Alex Wong/Getty
The National Archives did a document dump on Friday, releasing transcripts, meeting agendas, and confidentiality agreements from the Financial Crisis Inquiry Commission.
The group was set up in the aftermath of the crisis by Congress to look into the causes of the event, and the documents are a gold mine of information.
We're reading through it and will update as we see more interesting nuggets, but to start out, here is a great excerpt from an interview with billionaire investor Warren Buffett in 2010.
It pretty much sums up the problem with executive compensation across America, and particularly on Wall Street:
Well, it's perfectly understandable. I mean, you've got a CEO that cares enormously about his compensation. You've got a compensation committee that meets for a few hours maybe, you know, every meeting. You've got a human relations vice president who is working for the CEO that probably suggests a compensation consultant — a compensation consultant who is draconian is not going to get hired generally around, or even too innovative on the downside.
...
I was at Solomon. And it — the nature of Wall Street is that, overall, it makes a lot of money relative to the number of people involved, relative to the IQ of the people involved, and relative to the energy expended. They work hard, they're bright, but they aren't — they don't work that much harder or that much brighter than somebody that, you know, is building a dam some place, or a whole lot of other jobs.

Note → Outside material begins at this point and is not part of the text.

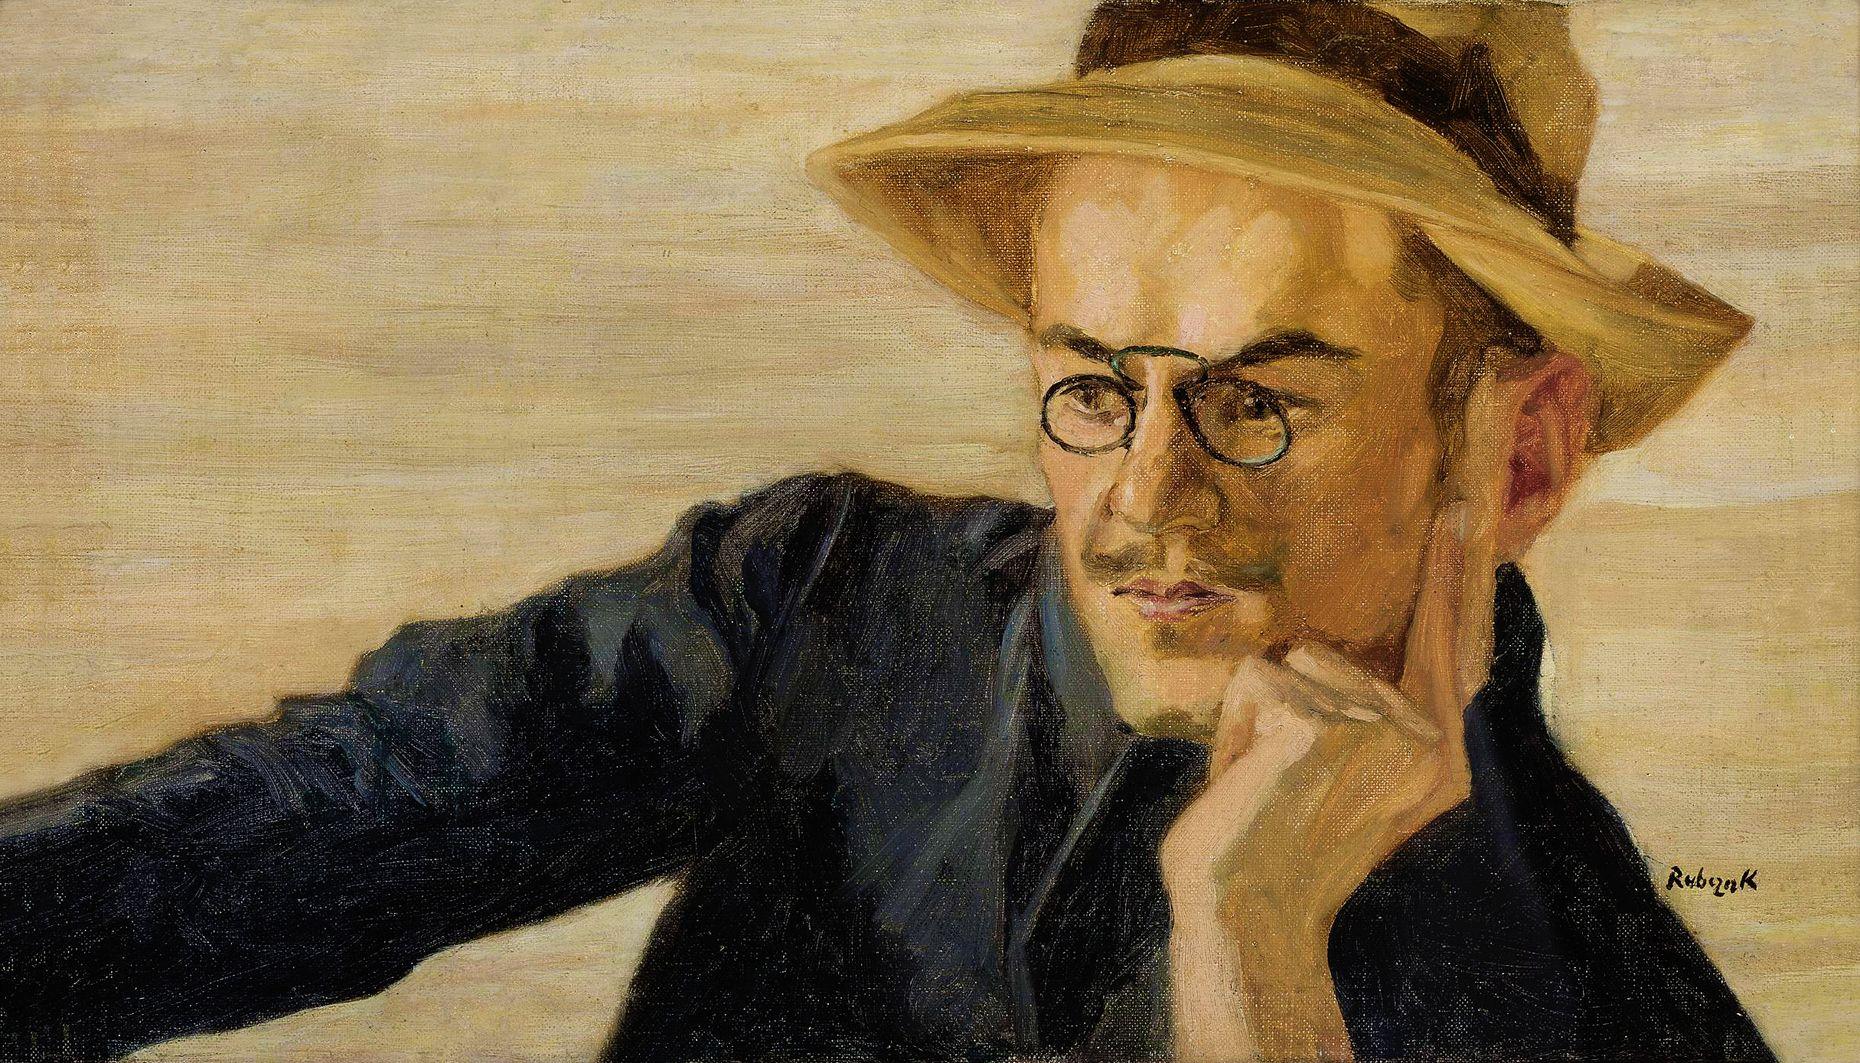 Ян Рубчак. Портрет, 1941; олія, полотно; NMW
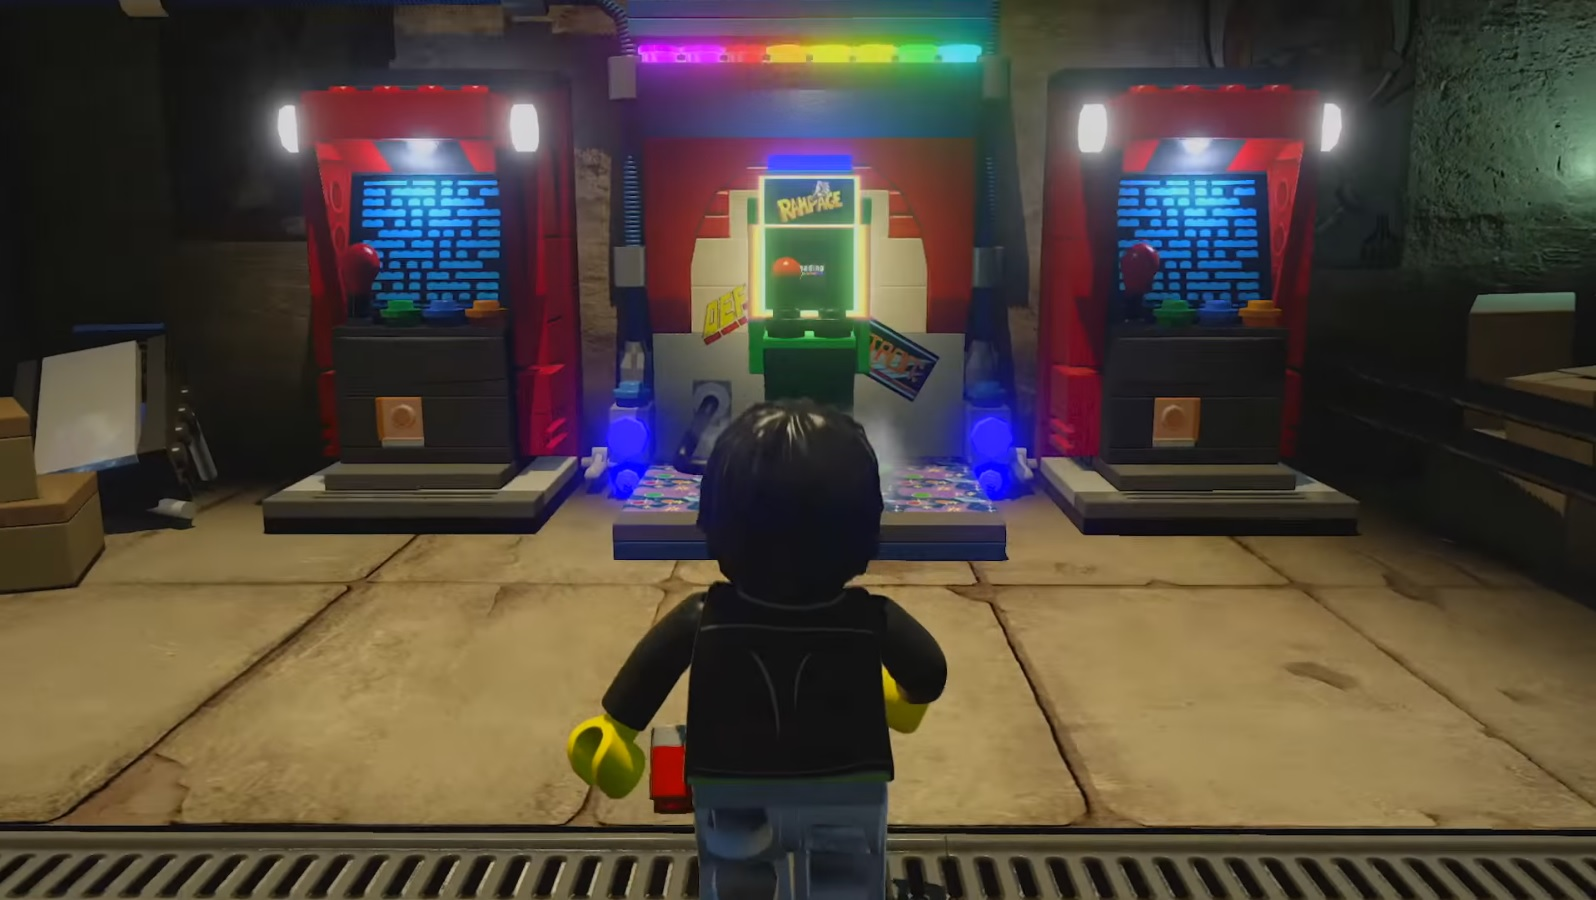 lego dimensions midway arcade gameplay trailer nintendo. Black Bedroom Furniture Sets. Home Design Ideas

Market systems produce strange results and Wall Street — in general, the capital markets are so big, there is so which money, that taking a small percentage results in a huge amount of money per capita in terms of the people that work in it. And they're not inclined to give it up.
Comp — most of the comp — you're talking about individual traders on, you know. And they have the big — you know, they call it the "traders' option." But they've got the upside. If they have a good year, if they have a bad year, you know, they might have a good year again next year. They might go to another firm. But they really — their interests are not totally aligned with shareholders.
He goes on to say that the problem is especially difficult on Wall Street, as a top performer can in theory move next door and set up a hedge fund.
"It is a tough managerial problem," he said.
He went on to suggest a fairly dramatic arrangement to stop banks from going bust while still giving executives large payouts.
Basically, he says, ensure that bosses lose everything if a bank has to be bailed out:
If you're worrying about the Bear Stearnses of the world is to have an arrangement in place so that if they ever have to go to the federal government for help, that the CEO and his spouse come away with nothing. And I think that can be done, you know.
Maybe the spouse would do better policing than the regulator.
Perhaps, then, it's not surprising that he also supports dramatic clawbacks, which are arrangements where CEOs have to pay back earnings from previous years:
I've suggested to them that maybe they give back, you know, five times the highest compensation they received in the previous five years or something. It has to be meaningful, but it can't be so draconian, that you don't get directors.
You'll get CEOs. You [don't] have to worry about that. You have a lot of upside for CEOs, you can give them the downside of, you know, sack cloth and hot ashes, and you'll still get CEOs.